Лоттерман что-то пробормотал и отвернулся. Тут он заметил меня и поманил к себе в кабинет.
– О Господи! – воскликнул он, усаживаясь. – Ума не приложу, как с такими обормотами работать! Сбегают с работы когда хотят, ссут на дорогостоящее оборудование, без конца нажираются… Просто удивительно, как я еще не спятил!

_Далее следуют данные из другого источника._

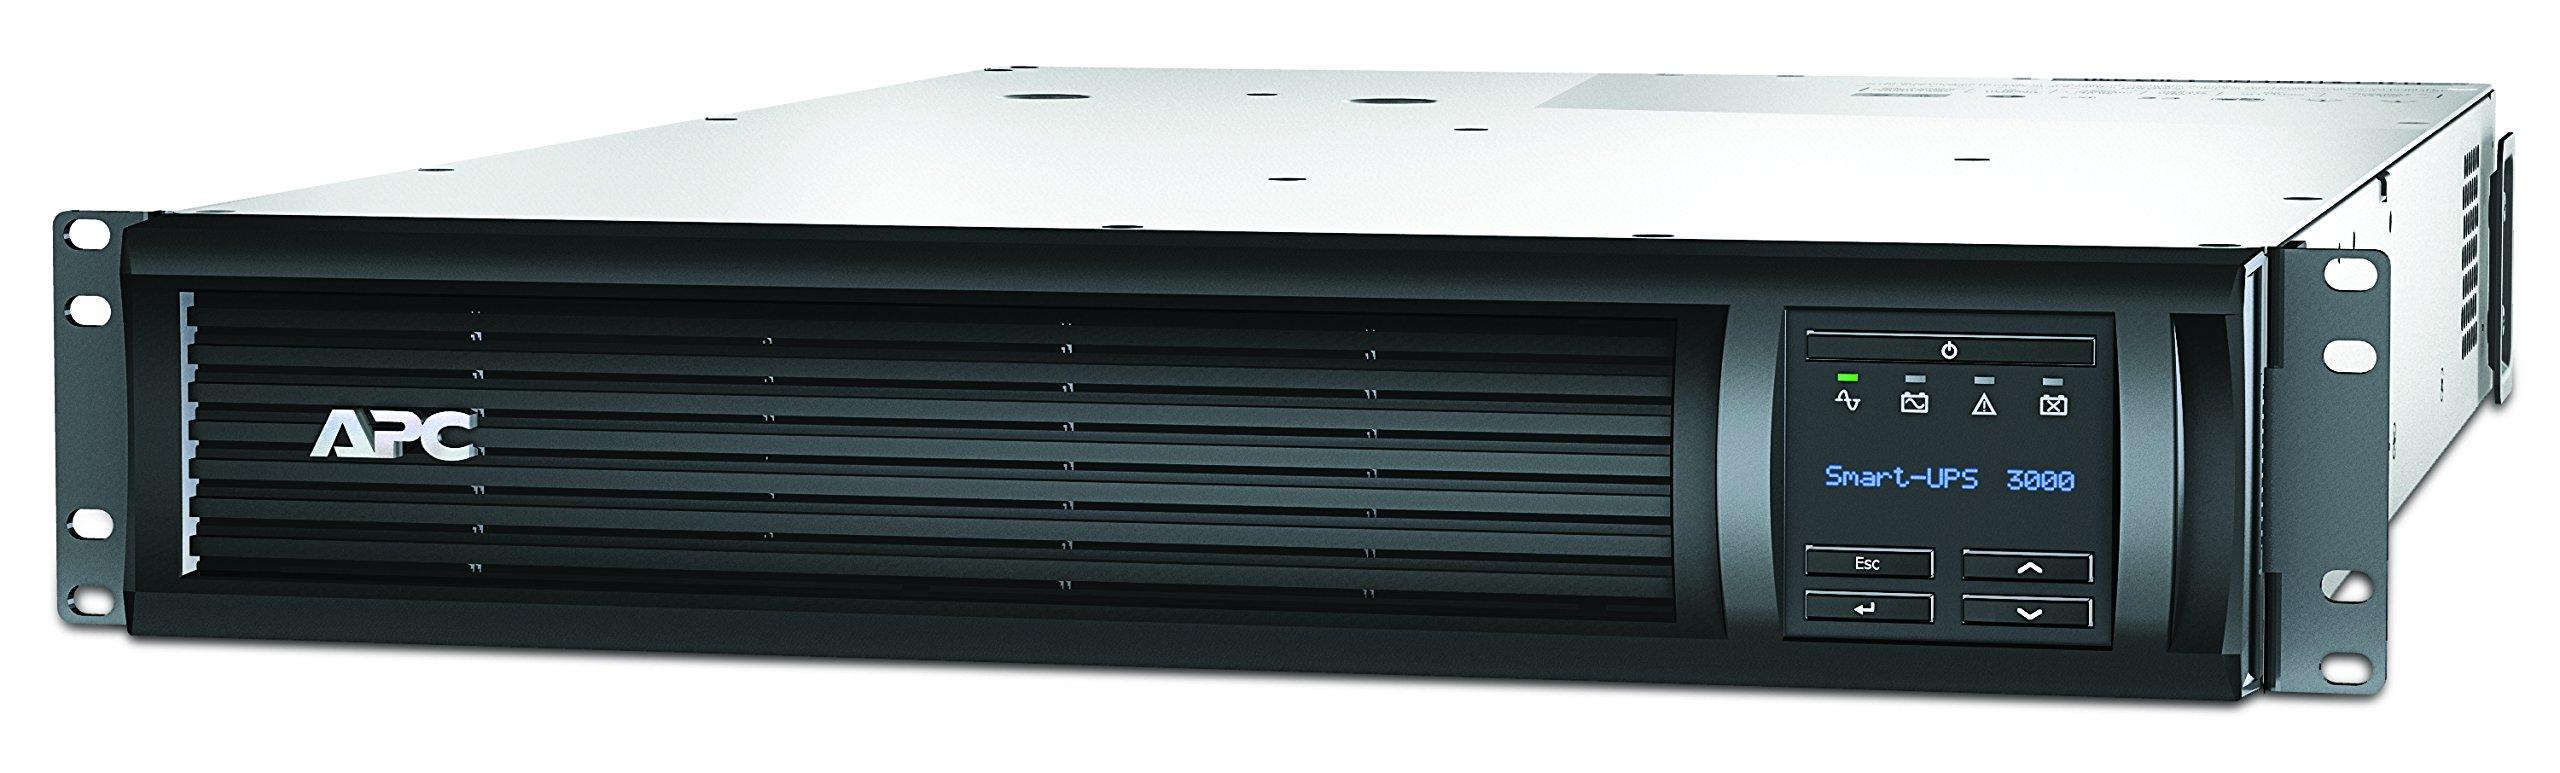 APC 3000VA Smart-UPS with SmartConnect, Pure Sine Wave UPS Battery Backup & Surge Protection, Rackmount UPS (SMT3000RM2UC)

Я улыбнулся и закурил сигарету.
Лоттерман посмотрел на меня с любопытством.
– От всей души надеюсь, что хоть ты нормальный. Еще одни извращенец стал бы здесь последней каплей.
– Извращенец? – переспросил я.
– Ну-ну, ты знаешь, о чем я. – Лоттерман махнул рукой. – Извращенцы в широком смысле – пьяницы, бродяги, воры… Одному Богу ведомо, откуда они являются.
– Ага, – кивнул я.
– Фунта дерьма не стоят! – с жаром воскликнул он. – Скользят тут как змеи, широко мне улыбаются, а йотом исчезают, ни черта никому не сказав. – Он грустно покачал головой. – Как мне выпускать газету, когда кругом одни алканавты?
– Дело табак, – подытожил я.
– Вот именно, – пробормотал Лоттерман. – Хуже не придумаешь. – Тут он поднял голову. – Я хочу, чтобы ты как можно скорее тут со всем ознакомился. Когда здесь закончим, иди в библиотеку и поройся в старых номерах – сделай кой-какие выписки, выясни, что тут вообще происходит. – Он кивнул. – А потом можешь посидеть здесь с Сегаррой, нашим главным редактором. Я велел ему тебя проинструктировать.
Мы еще немного поговорили, и я упомянул о слухе насчет того, что газета может закрыться. Лоттерман явно встревожился.
– Тебе это Сала наболтал, верно? Ну так не обращай на него внимания – он псих.
Я улыбнулся.
– Очень хорошо. Я просто подумал, что надо спросить.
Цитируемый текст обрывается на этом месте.